[Data excerpt]
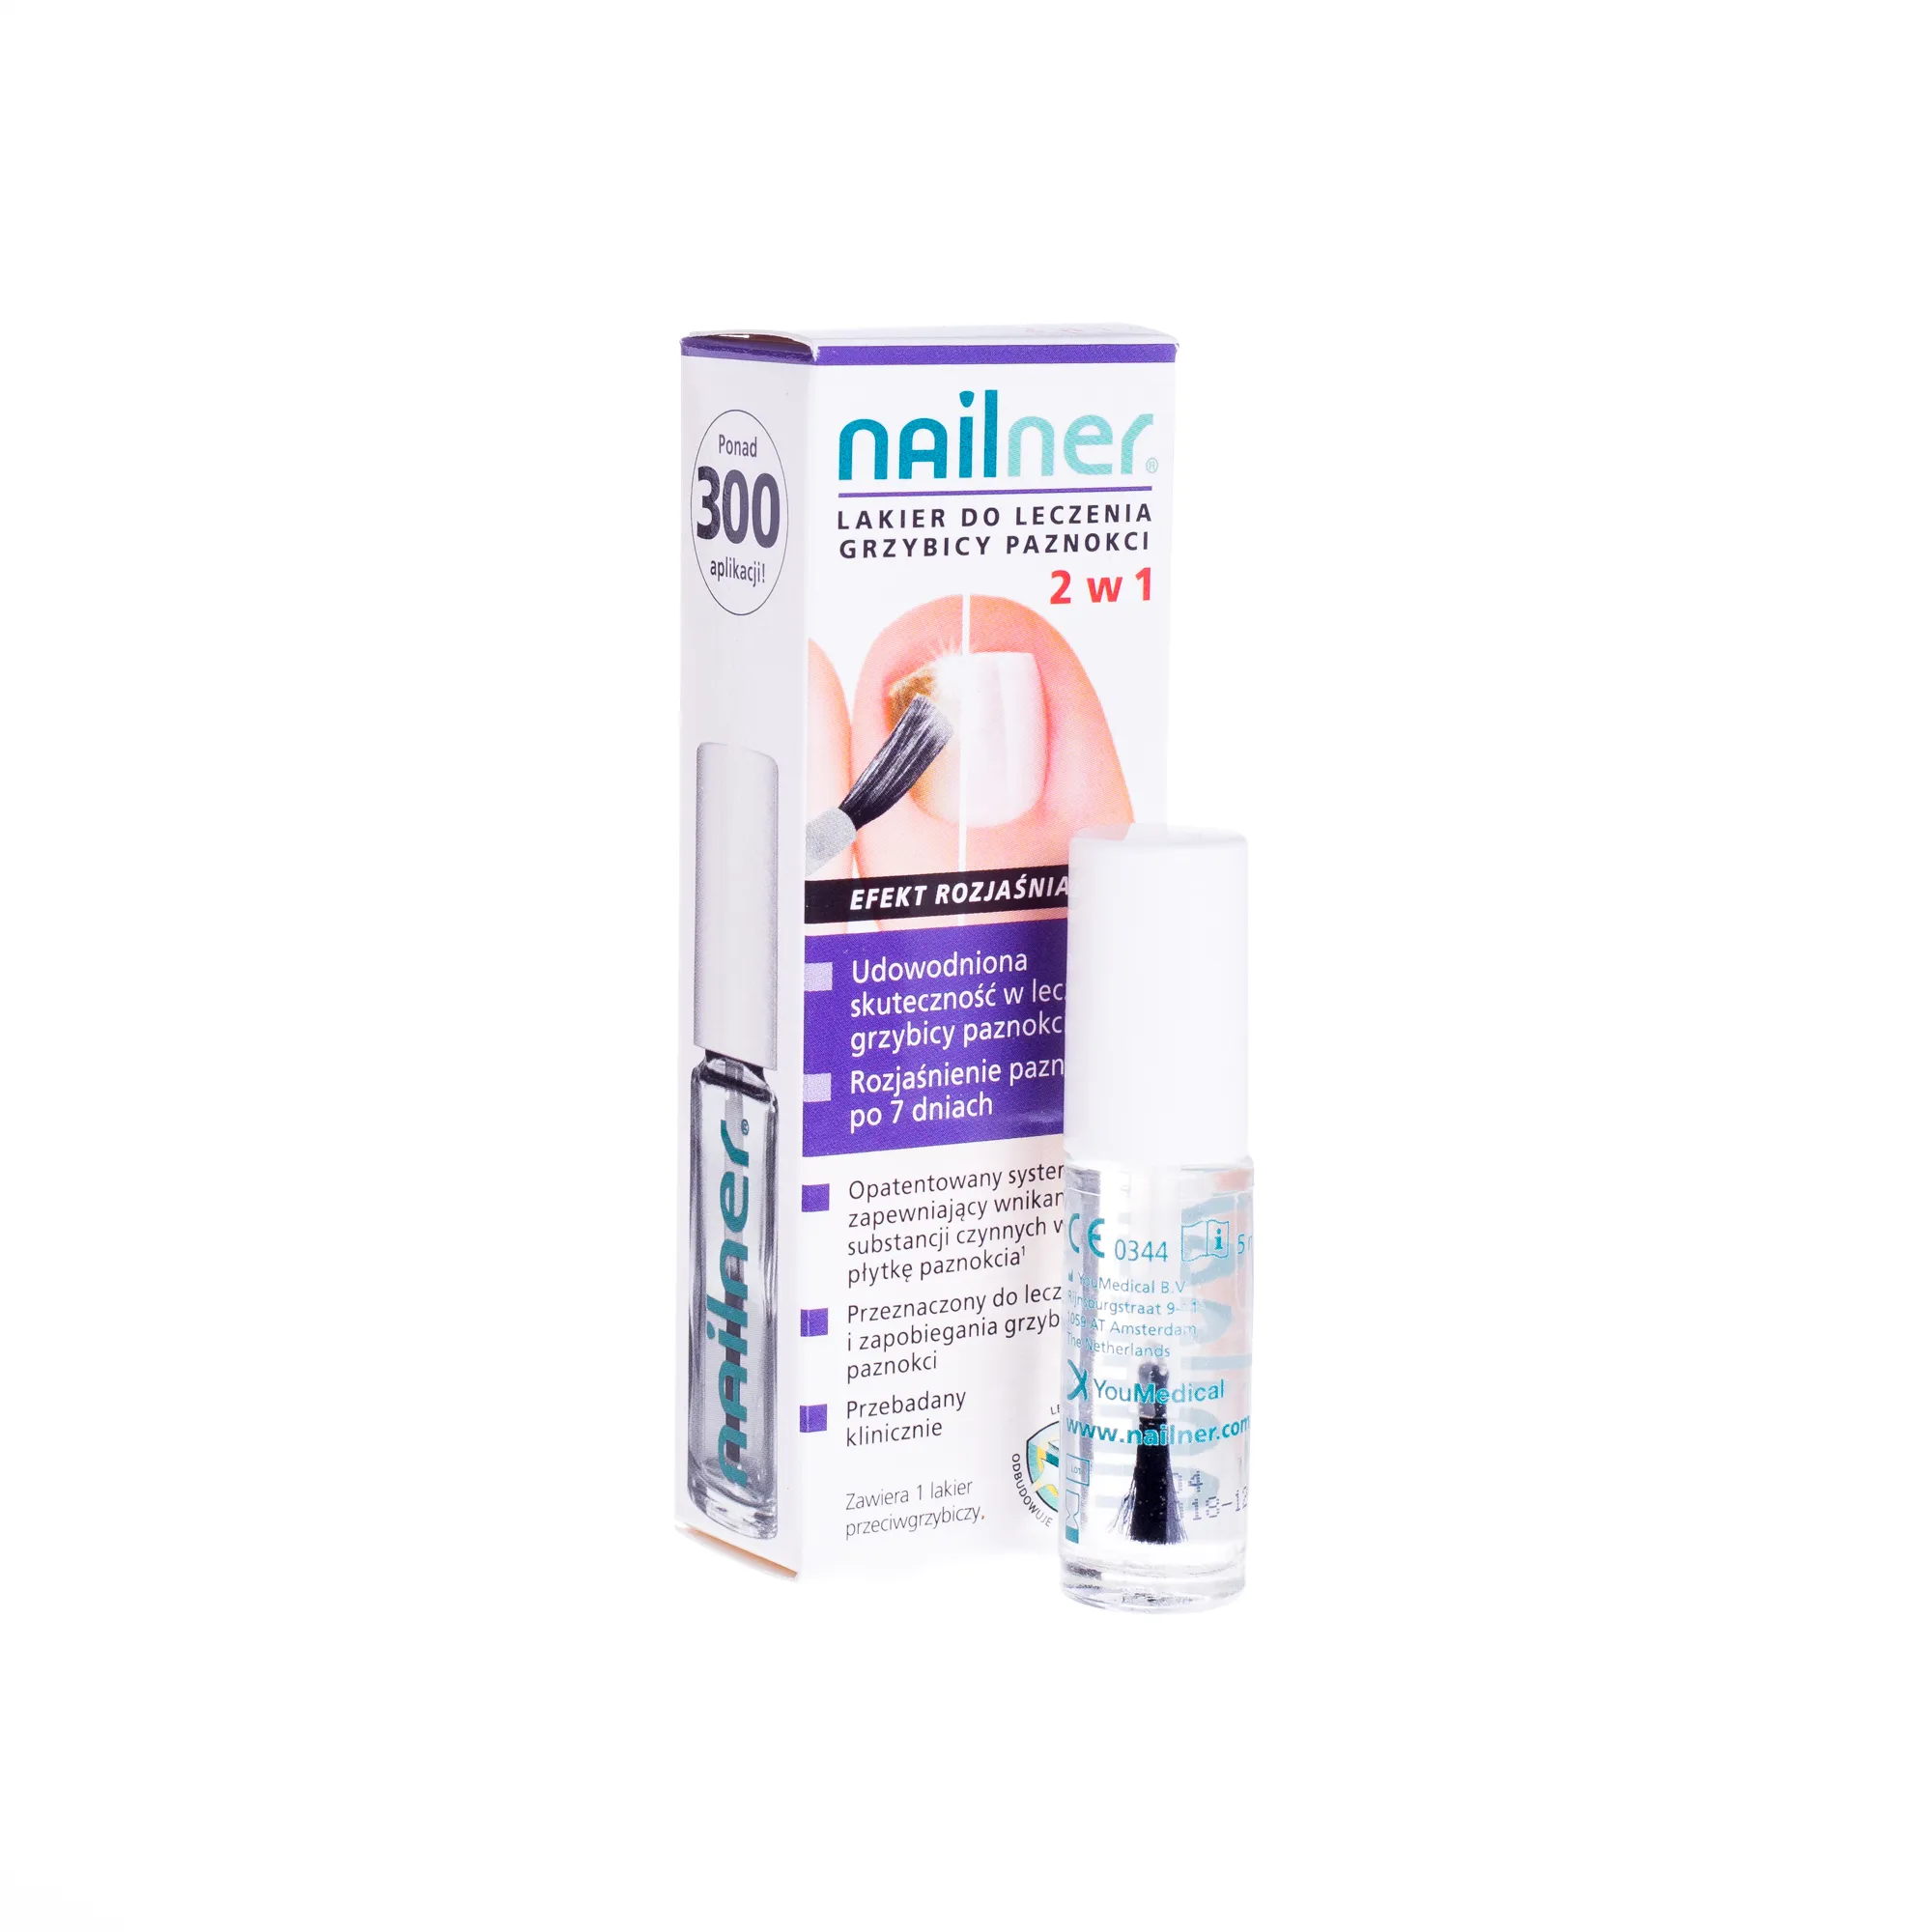 Nailner lakier do leczenia grzybicy paznokci 2w1, 5 ml 
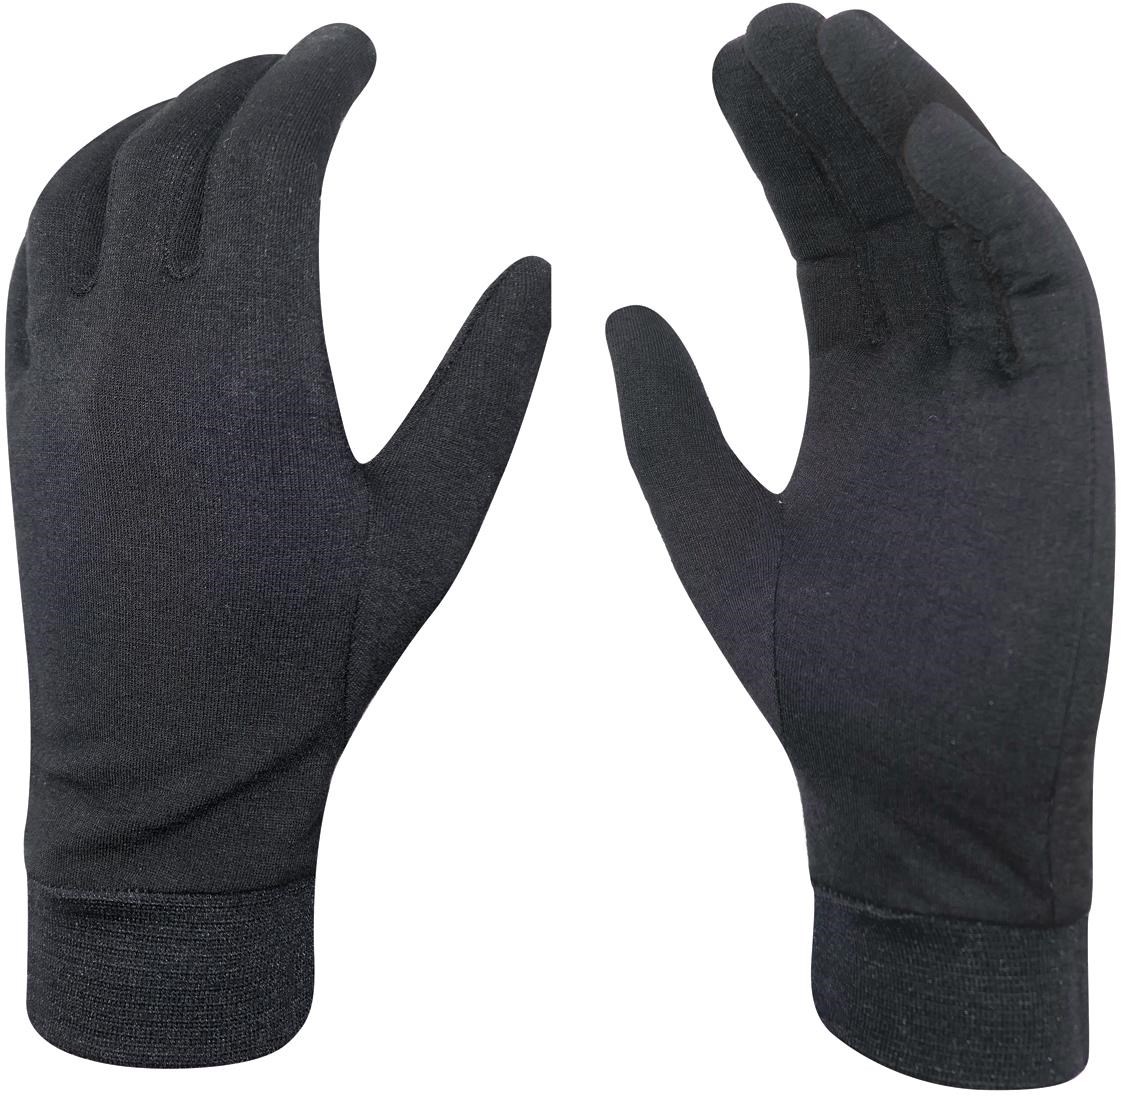 Chiba Merino Liner Winter Glove product image
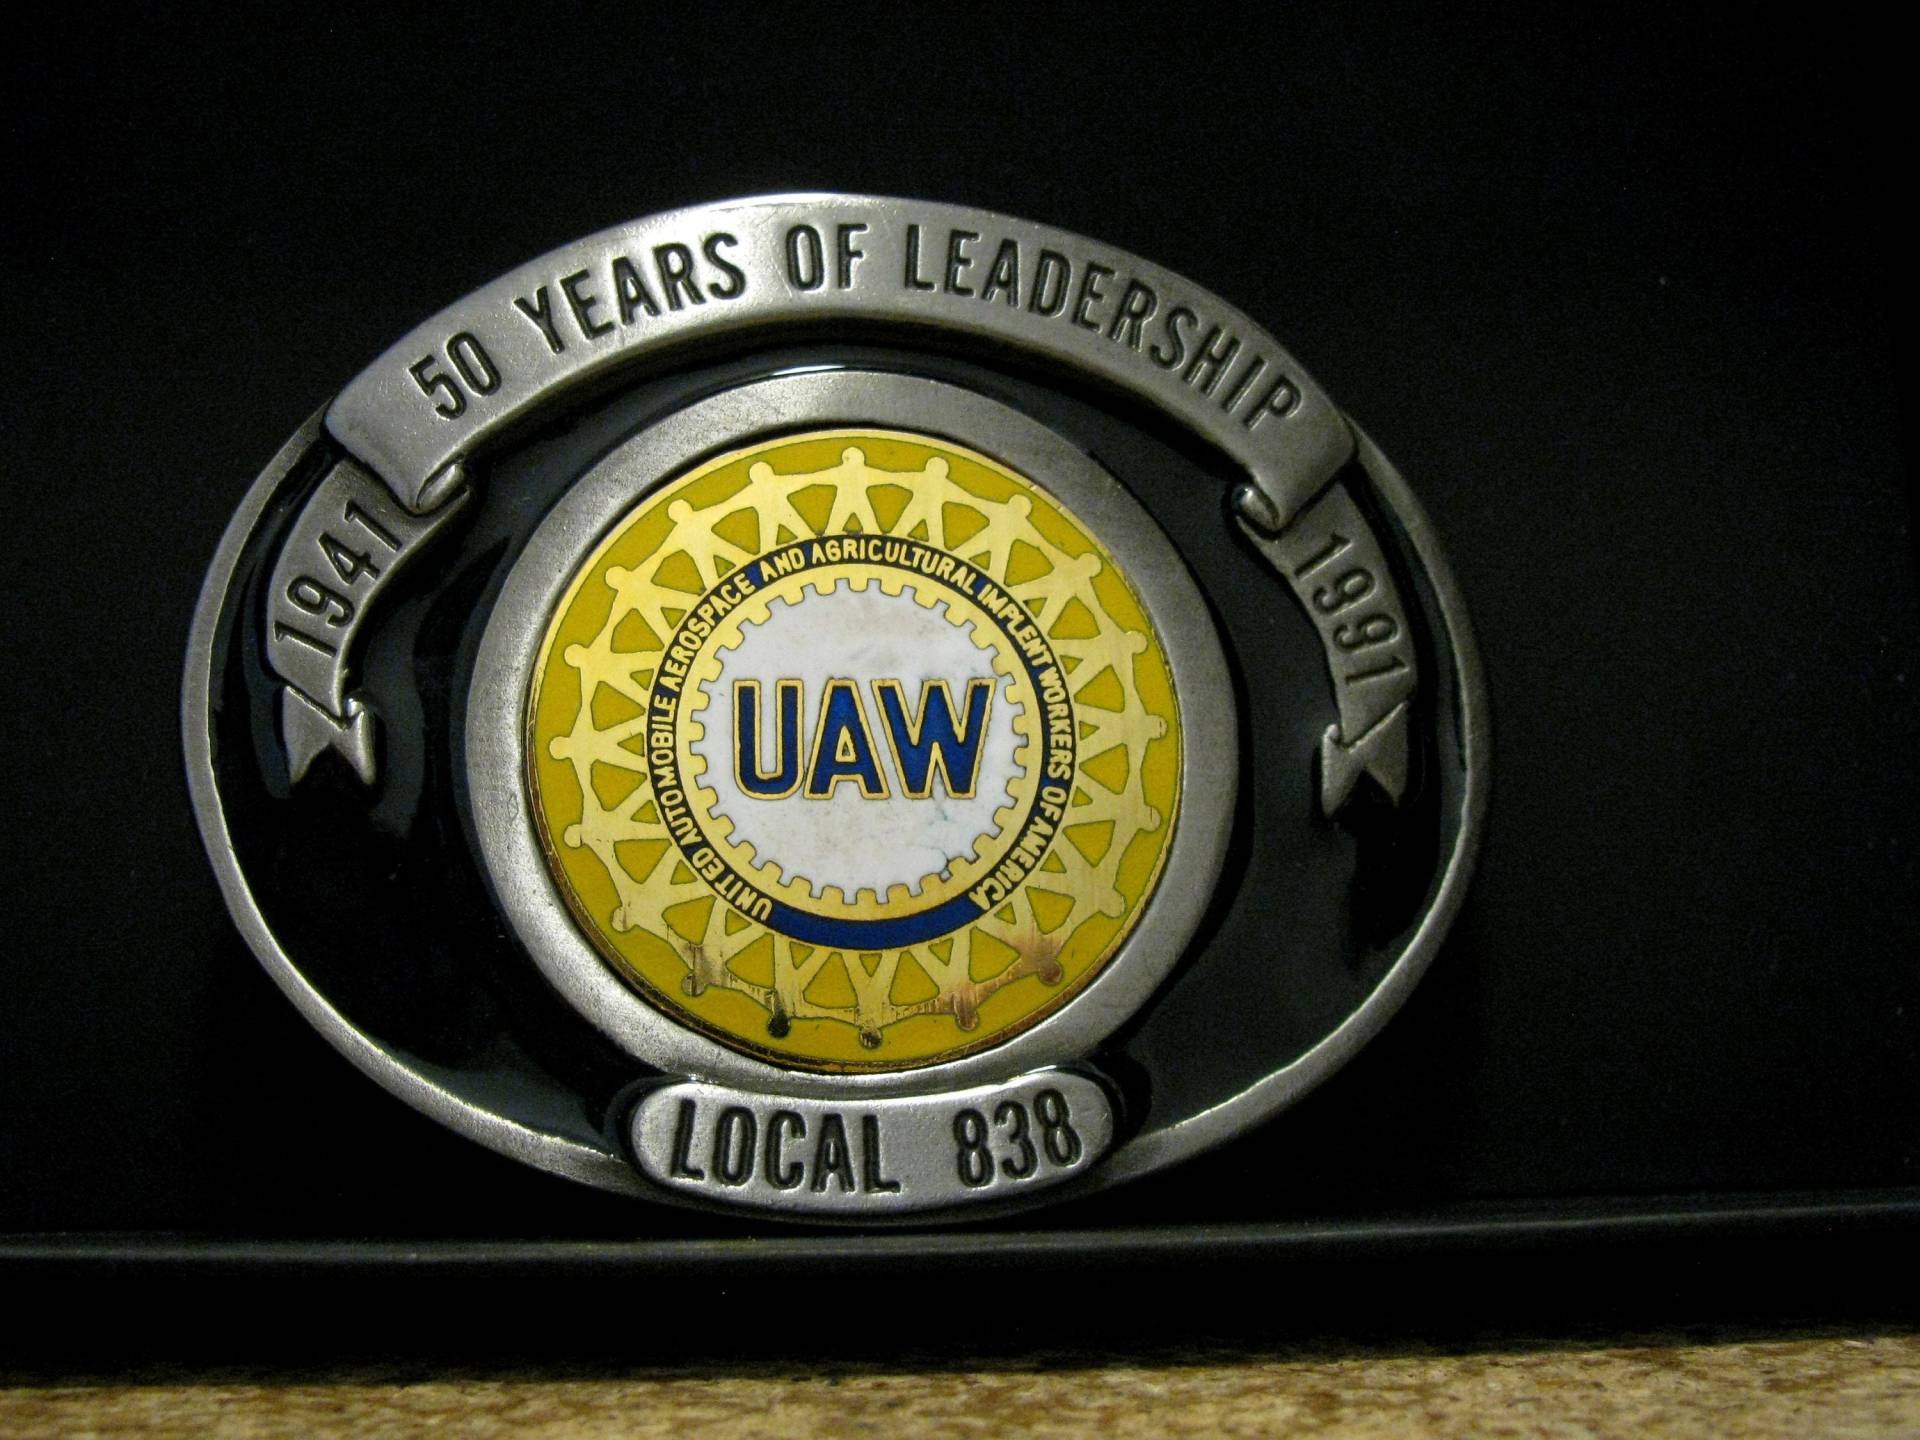 1991 John Deere Union Works Mitarbeiter Uaw Local 838 Limited Edition "50 Years Of Leadership" Zinn & Emaille Gürtelschnalle Jd von BeyerTractor
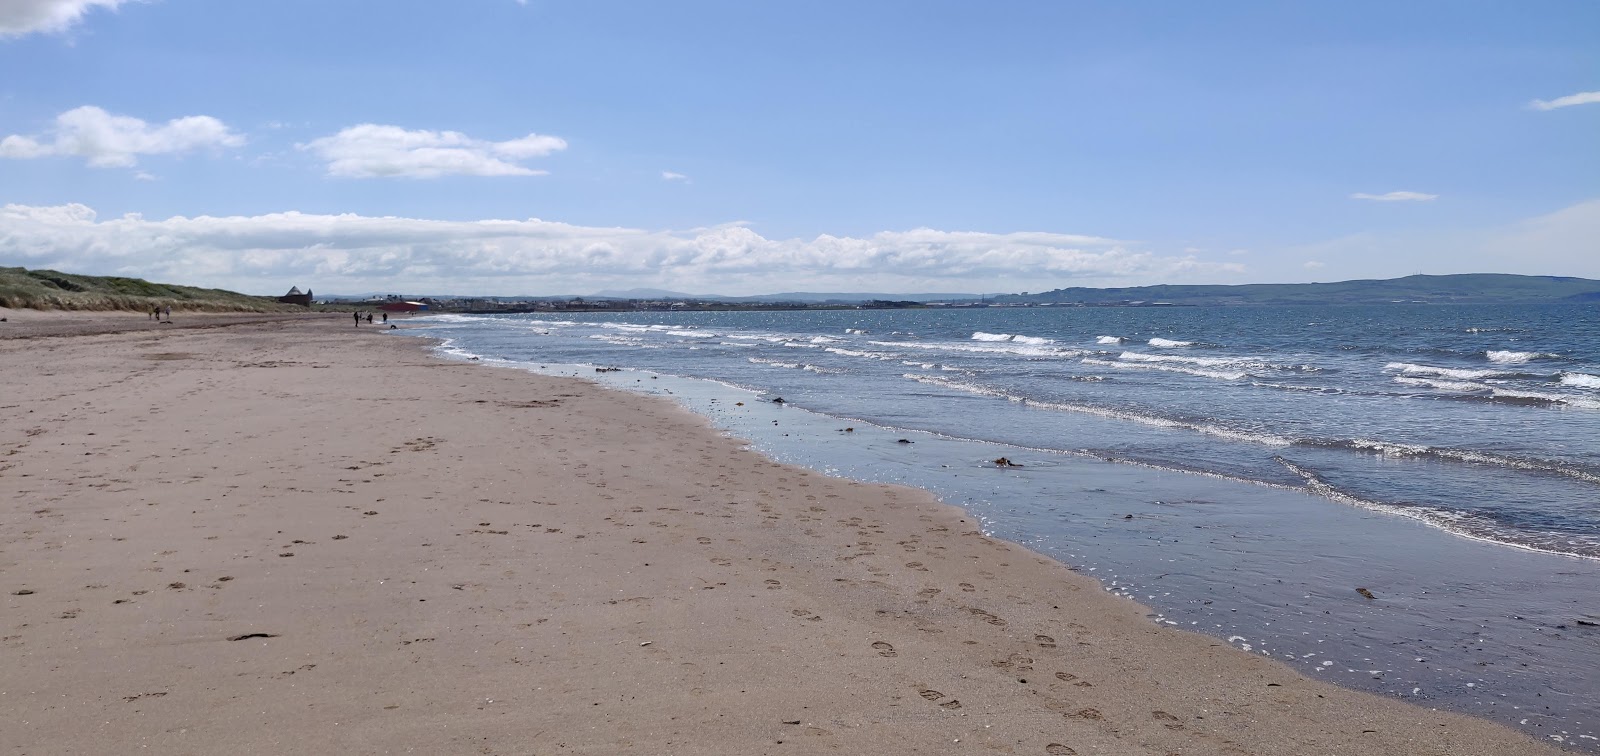 Prestwick Plajı'in fotoğrafı geniş plaj ile birlikte

[Description of the task] Reproduce the data in full. Do not carry over any picture.

[Task response]
 Nailner lakier do leczenia grzybicy paznokci 2w1, 5 ml 
 Chiba Merino Liner Winter Glove product image
 1991 John Deere Union Works Mitarbeiter Uaw Local 838 Limited Edition "50 Years Of Leadership" Zinn & Emaille Gürtelschnalle Jd von BeyerTractor
 Prestwick Plajı'in fotoğrafı geniş plaj ile birlikte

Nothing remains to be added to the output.